Muyo, who majored in English at Villanova University, taught English at Holyoke Catholic High School in the Diocese of Springfield, Mass., for the past two years.
“Without the experience in the high school and the knowledge I was able to gain from PACT, I don’t think I would have been as competitive as an applicant,” he said.
Brother Patrick Carey, cfc., the PACT director, said Muyo is the first member to receive a Fulbright since the program was founded 10 years ago.
“He’s a very good student, and an excellent teacher — a very creative teacher,” Brother Carey said.
He described a lesson in which Muyo, who has a background in theater, wore tap dance shoes to pound out the meter of a poem. The students learned how to tap out the different rhythms in the unit’s poems. At the conclusion of the lesson, he had students lead the class in tapping out the meter before they completed a poetry relay exercise.
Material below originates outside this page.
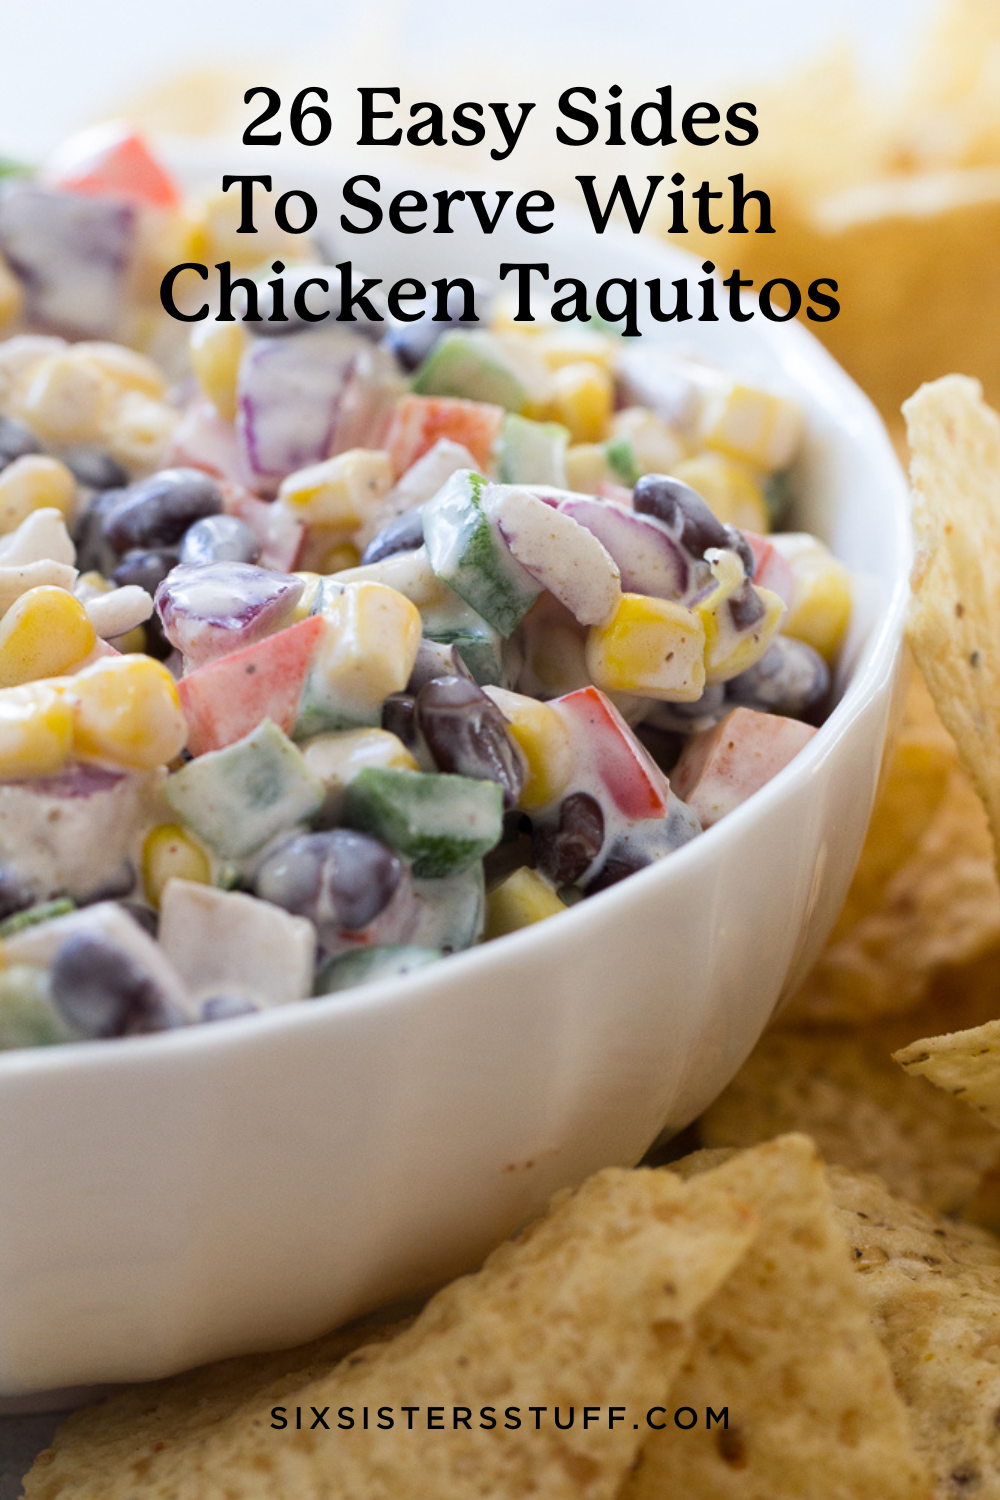 26 Easy Sides To Serve With Chicken Taquitos
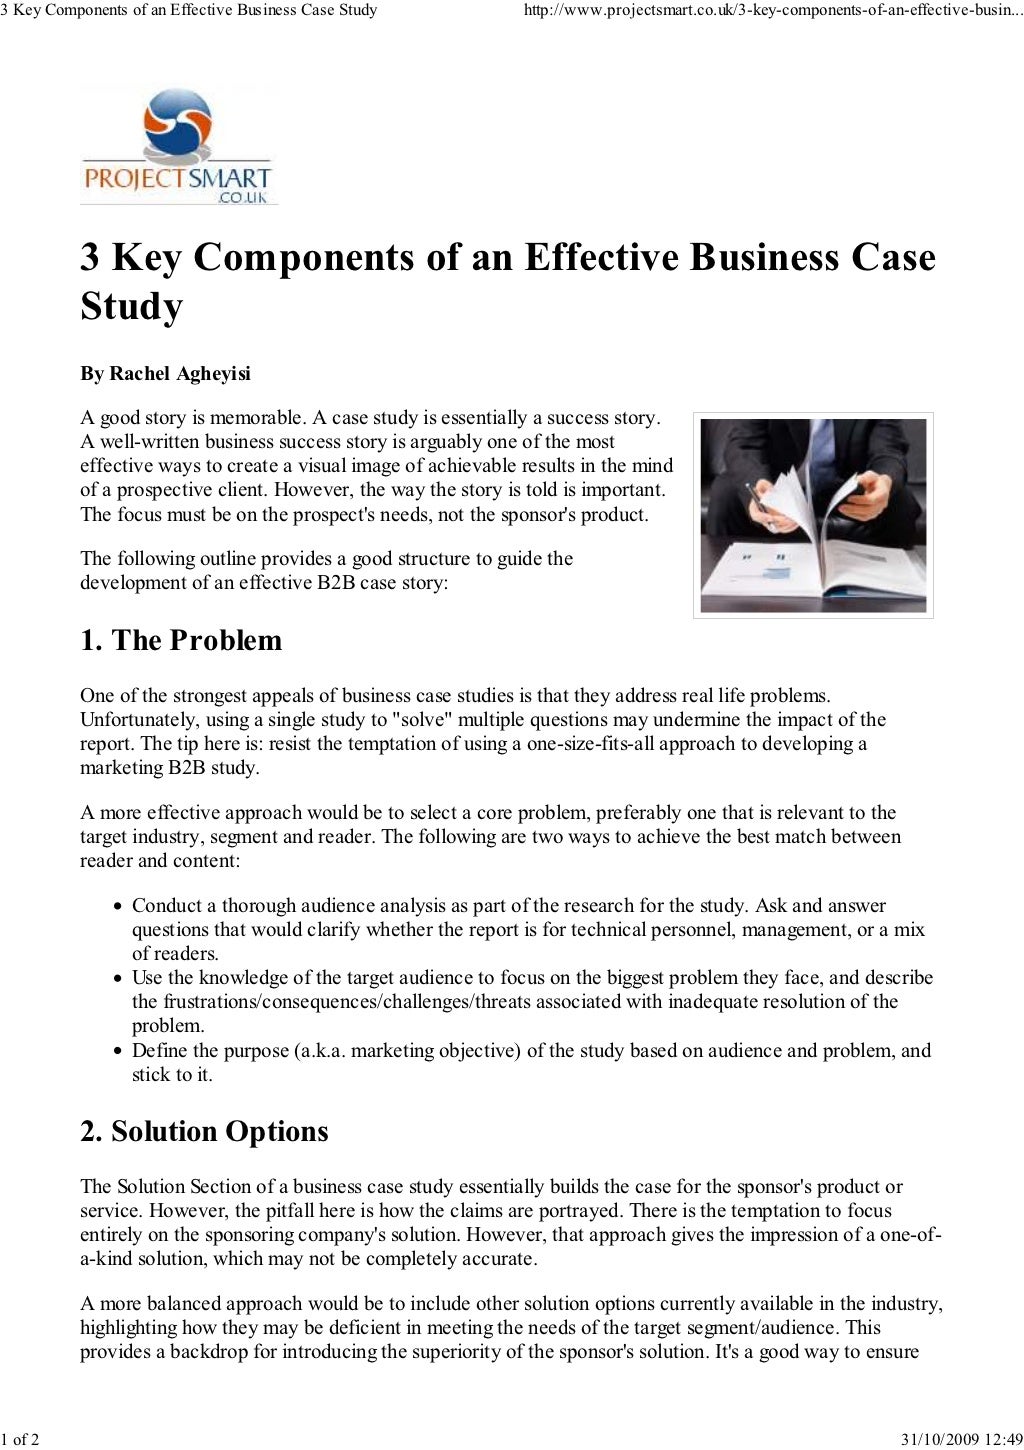 business functions case study

Muyo also used blogging as an instructional tool for studying William Shakespeare’s Julius Caesar, Brother Carey said. His students each assumed the role of one of the characters in the play and then wrote blog posts from the perspective of their character. The students thus developed a deeper understanding of the play and were able to present high-level analysis and commentary, Brother Carey said.
“He taught them to take on the role of the character right at the start,” Brother Carey said.
Holyoke Catholic High Principal Theresa Kitchell also praised Muyo’s immersion-style teaching methods, recalling one day when he taught dressed like Shakespeare himself.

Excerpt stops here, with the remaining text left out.